The Children of the Massacre Have Been Sacrificed on the Altar of Money

Thomas Jefferson said that the tree of liberty must be refreshed from time to time with the blood of tyrants — and patriots. The purpose of the statement was to say that it is necessary to pay a price for freedom — and if necessary, to cause others to pay a price.

This liberty is the idea behind the establishment of the republic; a central concept within that idea is the right to bear arms. In 18th-century America, bearing arms was an expression of autonomy in the face of an oppressive empire: an established opportunity to rebel against a tyrant. The bearing of arms was a broad and significant root of the tree of liberty.

Hundreds of years have passed.
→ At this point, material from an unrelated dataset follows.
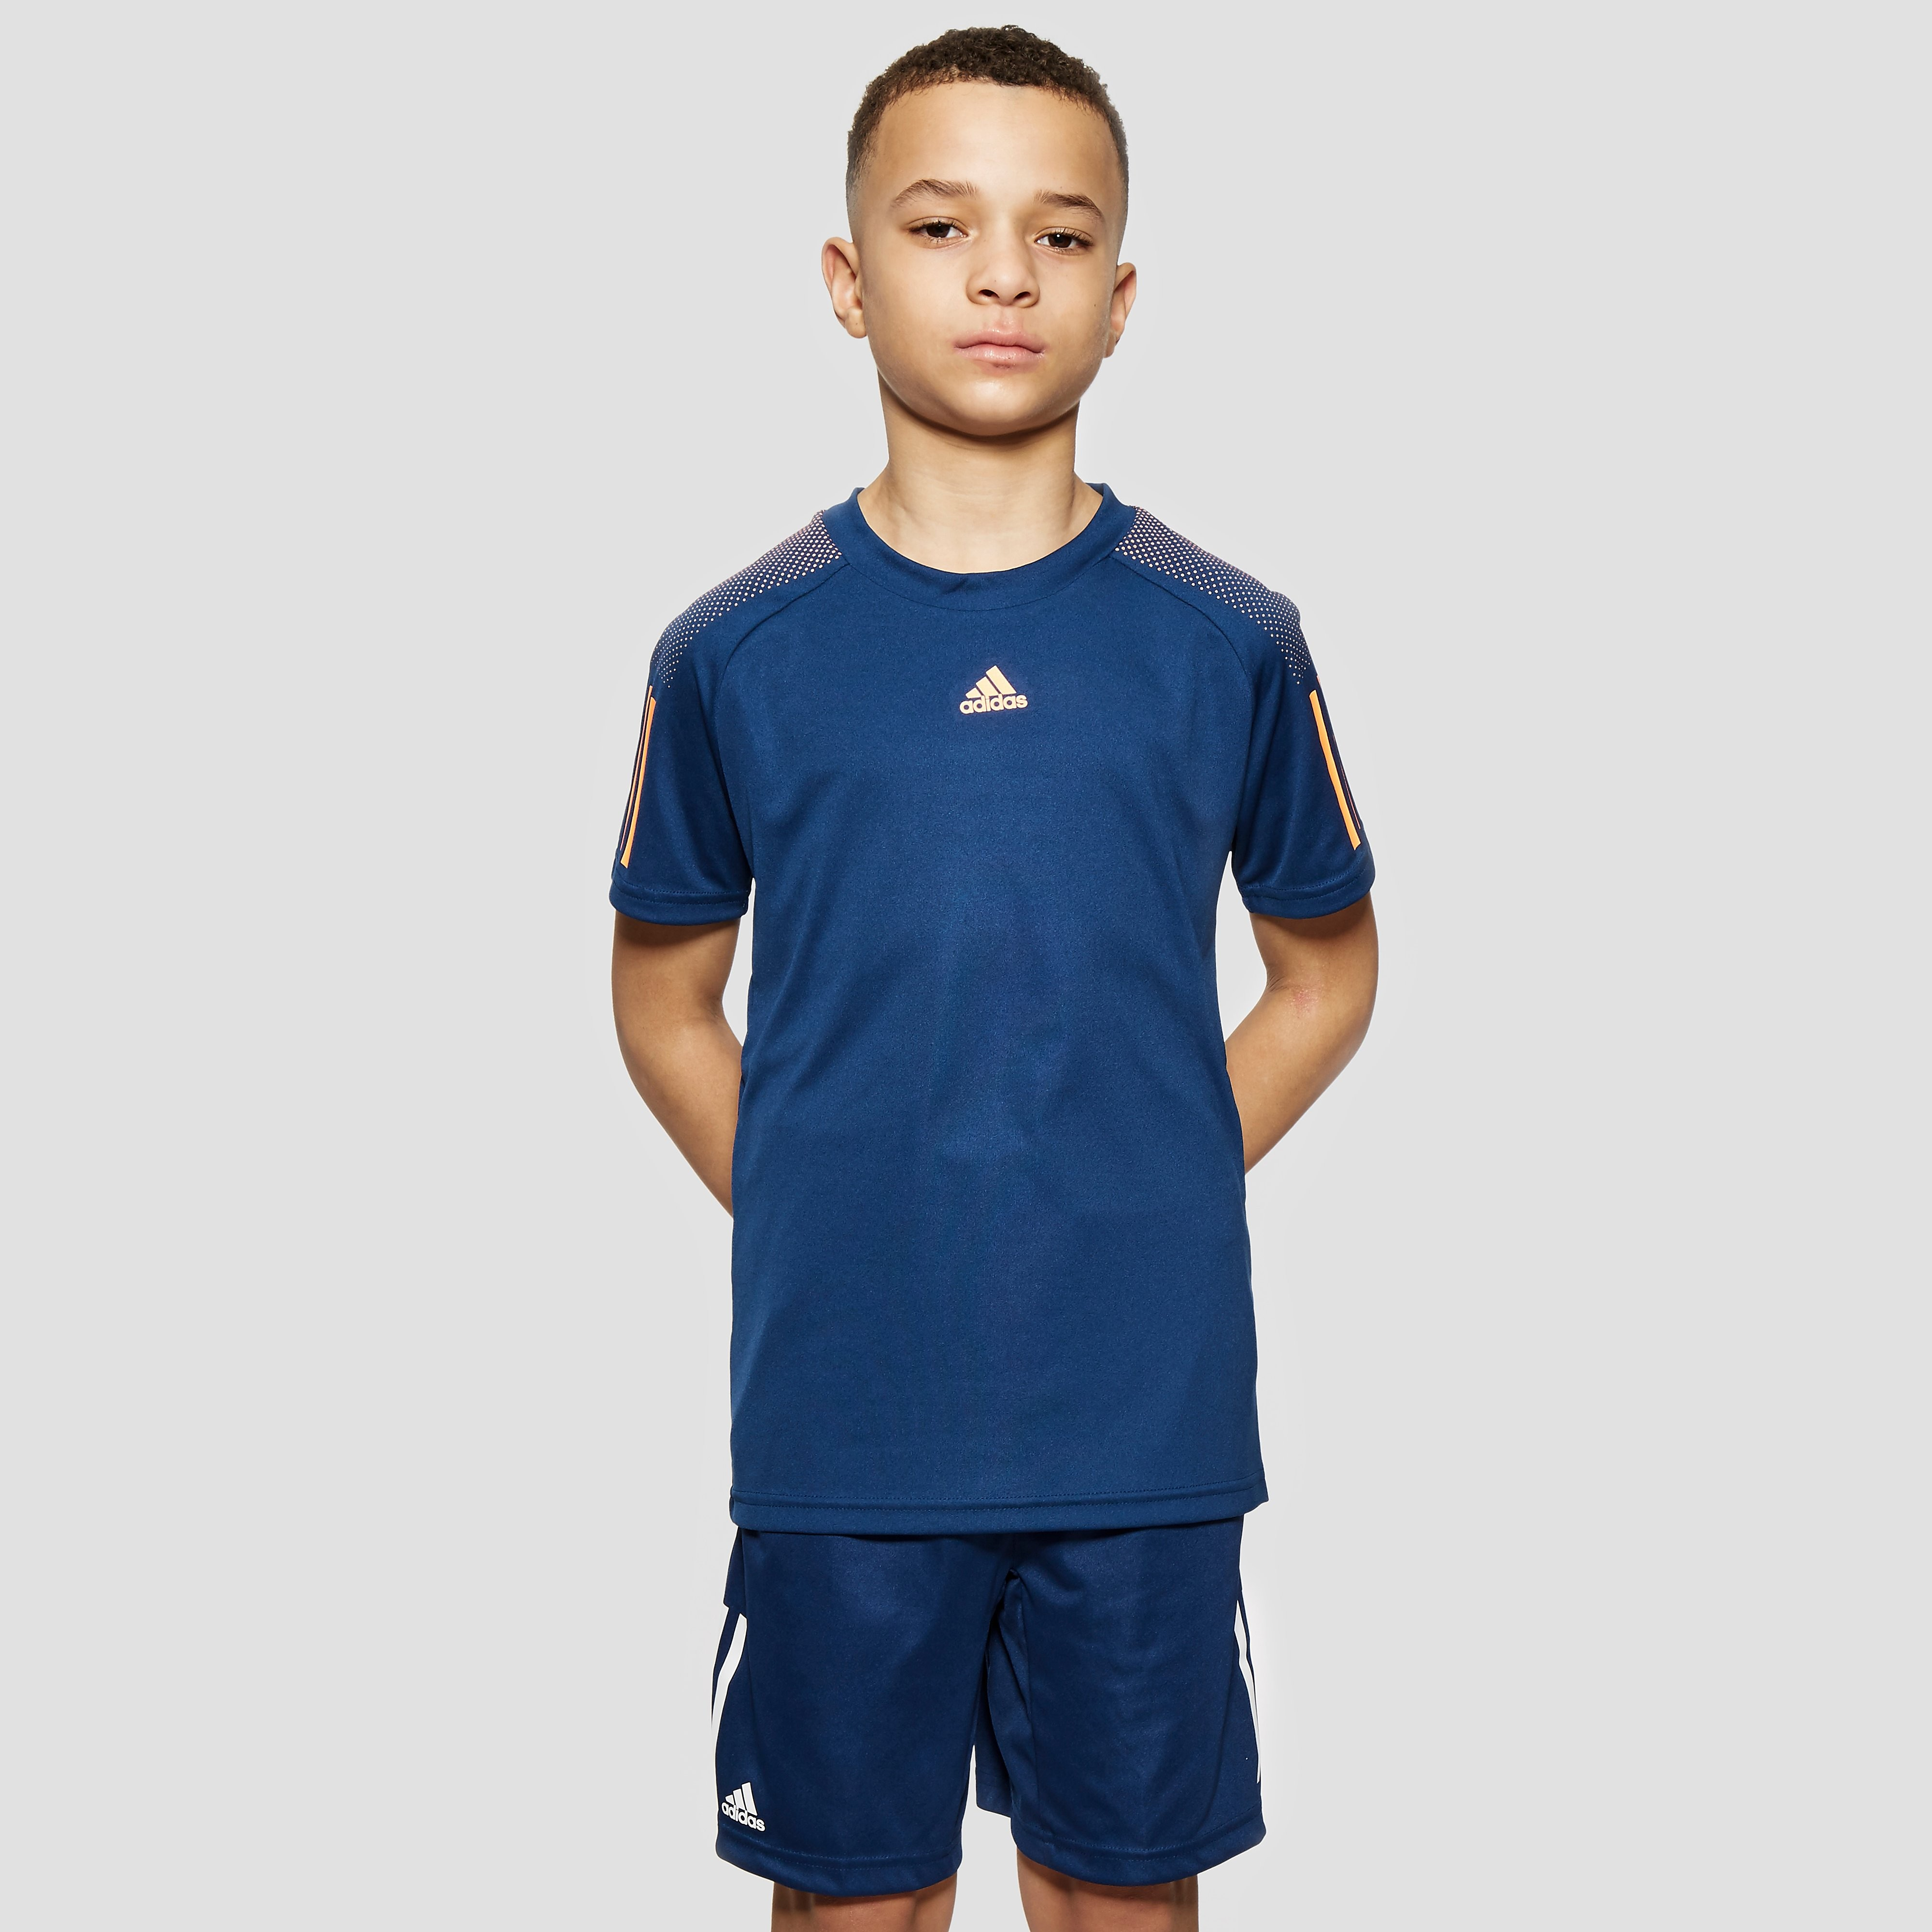 adidas Barricade Junior Tennis T-shirt

Over the weekend, the American tree of liberty was refreshed by the blood of little school children, children whose parents raised them and loved them and dressed them in warm clothing and waited for them to come home. This massacre did not happen in a tough or urban neighborhood, but in the heartland of the American bourgeoisie: in green Connecticut, in one of the most pleasant and established parts of the state.

The national mourning requires that the media be cautious: the bearing of arms is a hot political topic. However, on the other side is the rest of the world, which looks at the world and doesn’t “concentrate on self-examination,” as one American television network self-righteously claimed yesterday.*

Far More Weapons than Yemen

The world looks at America and does not understand what appears to be an insanity, a violent madness that murders and destroys its sons and daughters. In this case, the victims were five- and six-year-old children that just began learning their letters.

It is easy to focus on lonely psychopaths that trouble America’s children again and again. However, they are not the story. Adam Lanza, the latest murderer, is not the story. He is a banal evil. The collective madness is in the story of his mother, Nancy Lanza. She was a regular woman and an excellent teacher — and also a woman who felt the need to keep more than three weapons, including a Glock pistol, a Sig pistol and a Bushmaster rifle.

All of this continues despite the abundance of research that shows how the presence of a gun in the home raises the chances of injury or death. In the American play, the gun doesn’t just appear in the first act; it shoots the first act. And then it shoots the second and third acts.

In America, there are 88 personal weapons for every 100 citizens. There is nothing like this anywhere else in the world. The nation coming after America is Yemen: only 55 weapons for every 100 citizens.

Why did Nancy Lanza, a Connecticut teacher who lived in a city in which not a single act of violence occurred this year, purchase enough professional weapons to destroy a small band of terrorists? Essentially, because she could.

The American constitution promises the right to bear arms; today, if you want, you can purchase in the United States a sniper rifle (12.55 millimeter) with a range of nine kilometers. It could bring down a helicopter. A background check is not required to purchase such a weapon.

Since 1982, over 60 mass murders have occurred in the United States; in 80 percent of these cases, the murderer had legal possession of the weapon. Statistics like these necessitate, rationally speaking, a change in the law. But rationale doesn’t live there. Money does.

When America experienced a deep crisis between 2008 and 2011, the weapons industry added 30 percent more jobs. The industry enjoyed yearly revenues of $6 billion, which consistently supported members of Congress and Senate. The weapons lobby (the NRA) and its representatives tell America the tale of American liberty again and again: a liberty which must, apparently, include weapons — and as many as possible. They perpetuate the routine lie that personal safety increases when you have a weapon (and will increase even more if you purchase a hunting rifle, a sniper rifle and an automatic submachine gun).

The truth is that the innocents of Connecticut and Columbine were not sacrificed on the altar of liberty, but on the altar of money and the strength of the NRA. The tree here is not the tree of liberty, but the tree of dollars.

The writer is the editor of foreign news for channel 10.

*Editor’s Note: Although correctly translated, this quotation could not be sourced.